Ugh, Trailing stop limit sells.

So I finally got margin set up and since I’ve bought a bunch on it, I decided to set up some trailing stop limits. Good call right? I thought so. Got even more excited as the stock price climbed and climbed today, a nice 1.X% gain in 24 hours ain’t half bad. Then some S.O.B. decides to fatfinger a sell order for about a 3% loss, last order reflects this lowball deal, kicks my limit and now I’m out 2% - yep, a nominal loss on what was an otherwise fantastic day. Fan-freaking-tastic.

Sorry, just had to get that off my chest. First margin holding, first trailing stop limit, and first full market day with said holding, just my luck that some freak occurance would cost me. I guess the perk is I now have a baby tax deduction.

Well, how bad would it have been at the worst point? You got stopped out, but how much further did it go down?

More importantly, how much did it bounce back?

If it bounced back into profitability after you got sacked, then look to go long again tomorrow. And don’t put in a hard stop.

If it’s ailing, then you did the right thing.

Yeah, that comes with trading. Sometimes hard stops will protect you from catastrophe, sometimes they just get hit and then bounce back to frustrate the hell out of you. It sucks, but just take the loss and move on to the next trade.

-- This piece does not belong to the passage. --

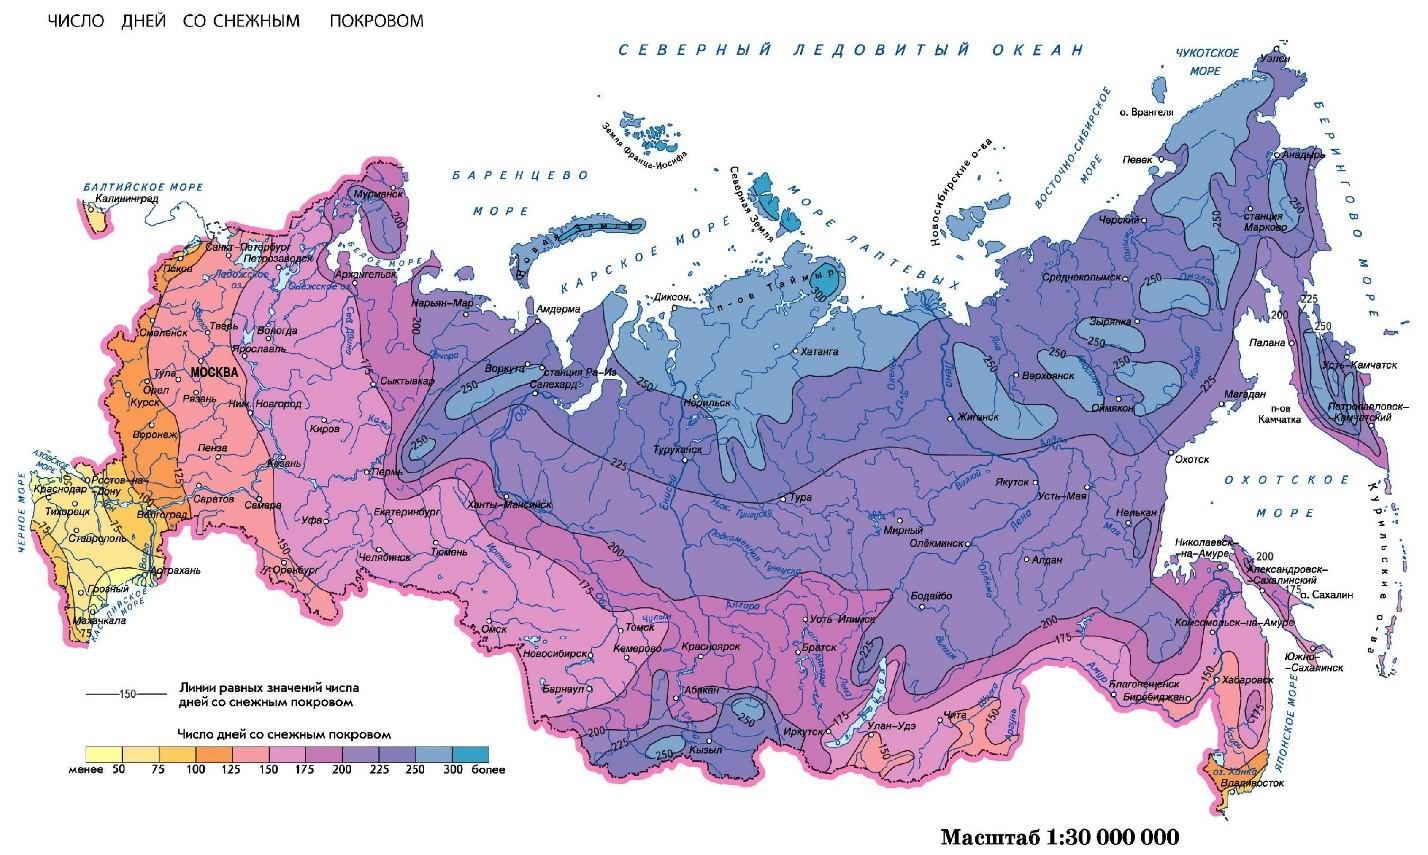 Количество дней со снежным покровом по регионам России
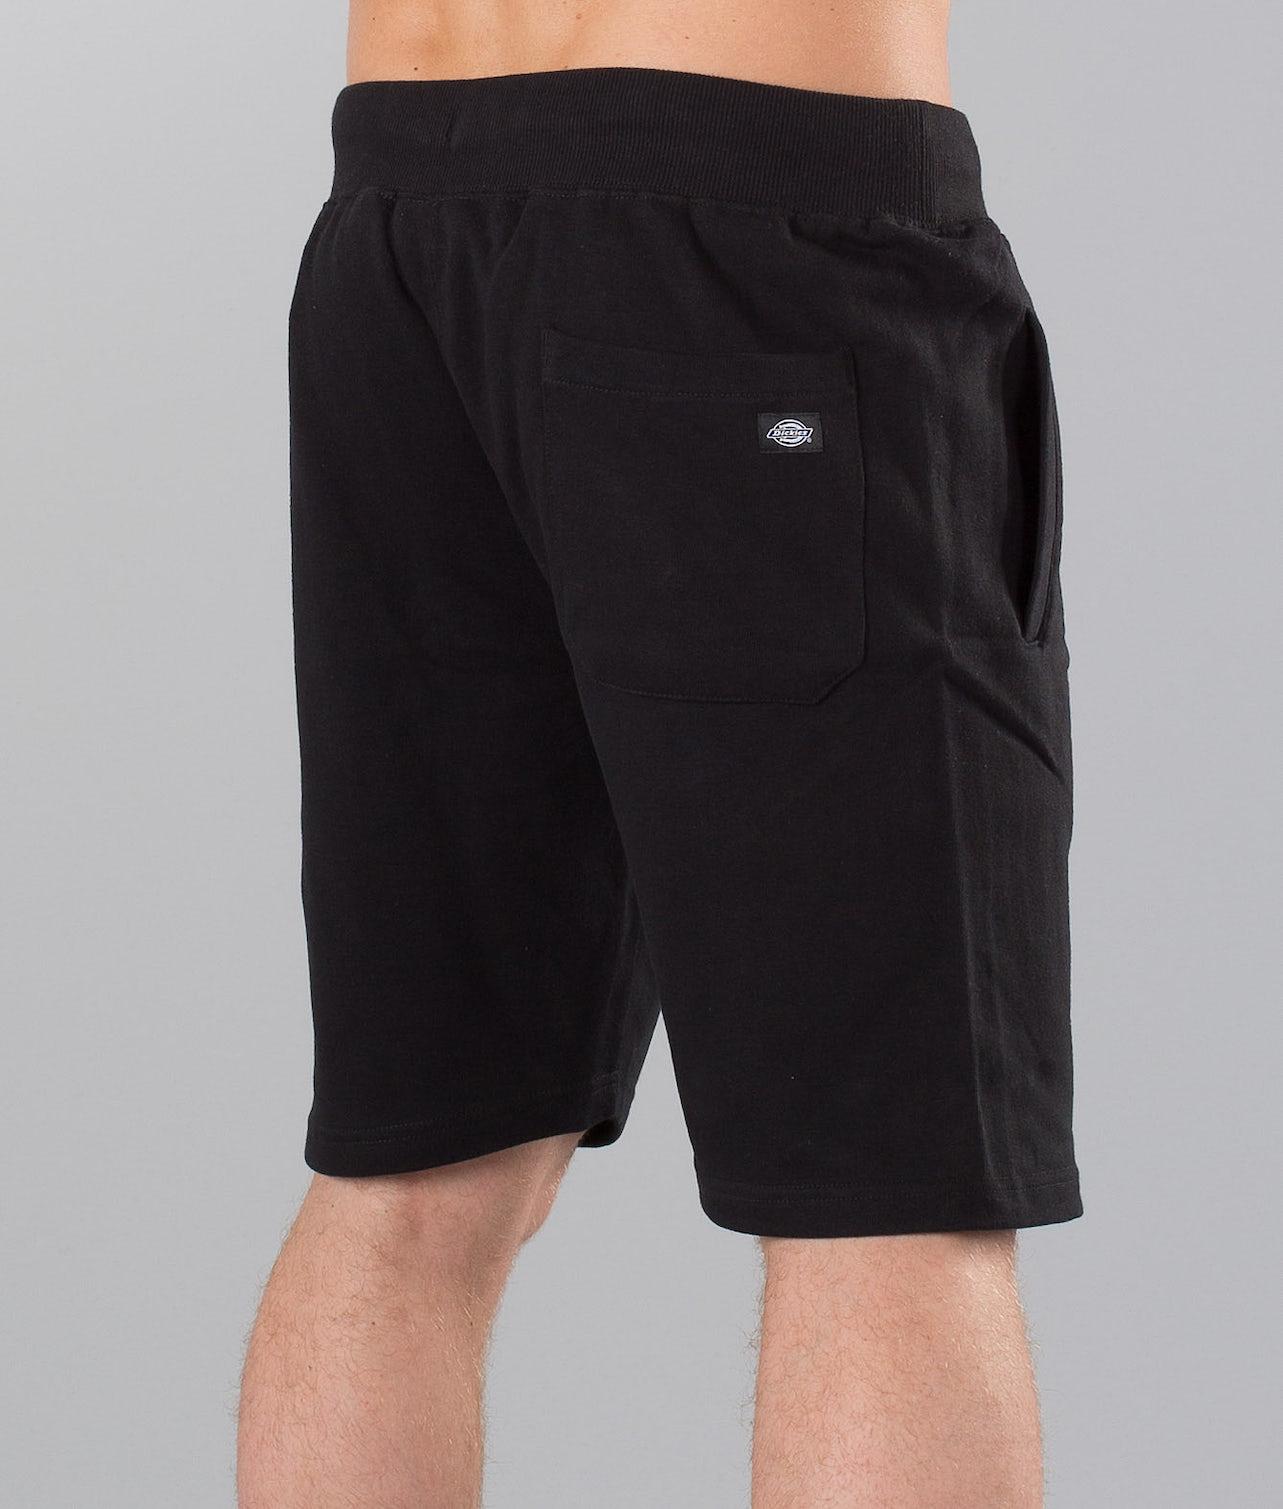 Kjøp Roxton Shorts fra Dickies på Ridestore.no - Hos oss har du alltid fri frakt, fri retur og 30 dagers åpent kjøp!

Trailing stops are to enforce exit discipline (in a trading mindset) and to protect against disaster (in an investment mindset). No matter how you do trailing stops, you will get whipsawed from time to time. The key is to make sure that your position sizes are small enough that a whipsaw doesn’t cost you much. The goal is to avoid large drawdowns in total portfolio asset, which are much harder to recover from than a bunch of small ones.

In trading, you set your trading stops so that 1) day-to-day “normal” variations don’t stop you out, but 2) a major adverse move does. So you will generally use something like a multiple of recent volatility or average true range to set your stops.

If your stops have been hit, you can still re-enter the trade the next chance you get, if your investment/trading thesis is unchanged. Ideally, your stop getting hit is something that should force you to reconsider your thesis. You may reconsider and then decide it’s still a buy or a sell, but forcing that reconsider is important.

The real worry with stop-losses is something like a flash crash, where it blasts through your floor, so you sell way low, and then bounces back rapidly, so you have to buy at virtually the original price. Im surprised that more HFT programs dont’ try doing this, though I haven’t been following them carefully.

Yeah, in the end it isn’t a huge dollar value that I lost (reopened the position shortly after), it’s just incredibly frustrating to start off a holding with a loss right off the bat. It’s an index ETF so the idea is to hold it forever anyway - just being on margin my plan was to use stops in an attempt to avoid potential margin calls. I think the order that triggered the stop was for around 3.5% below the last, and my stop limit was for a 2% loss from the high. So all I actually lost was somewhere around 1 percent on a small portion of the portfolio. No big deal, just a big p*ss off and I needed to let it out.

If it makes you feel better I sold HLF puts on yesterday’s close, oops.

I gave back two days worth of gains today in about 1 hour’s time, but on a risk adjusted basis, it was an okay loss. I’ll take it.

Poulin what do you think about NUS? Same old mlm action, get a lot of premium on these bastards.

Lock - Yup, definitely seems rich assuming they are a going concern but I really don’t know too much about the specifics of either. HLF does seem better positioned, in that I think this recent bit of news will have less impact than the negative info about NUS…but that’s probably just one of those L3 biases playing itself out since I’m in HLF and not NUS.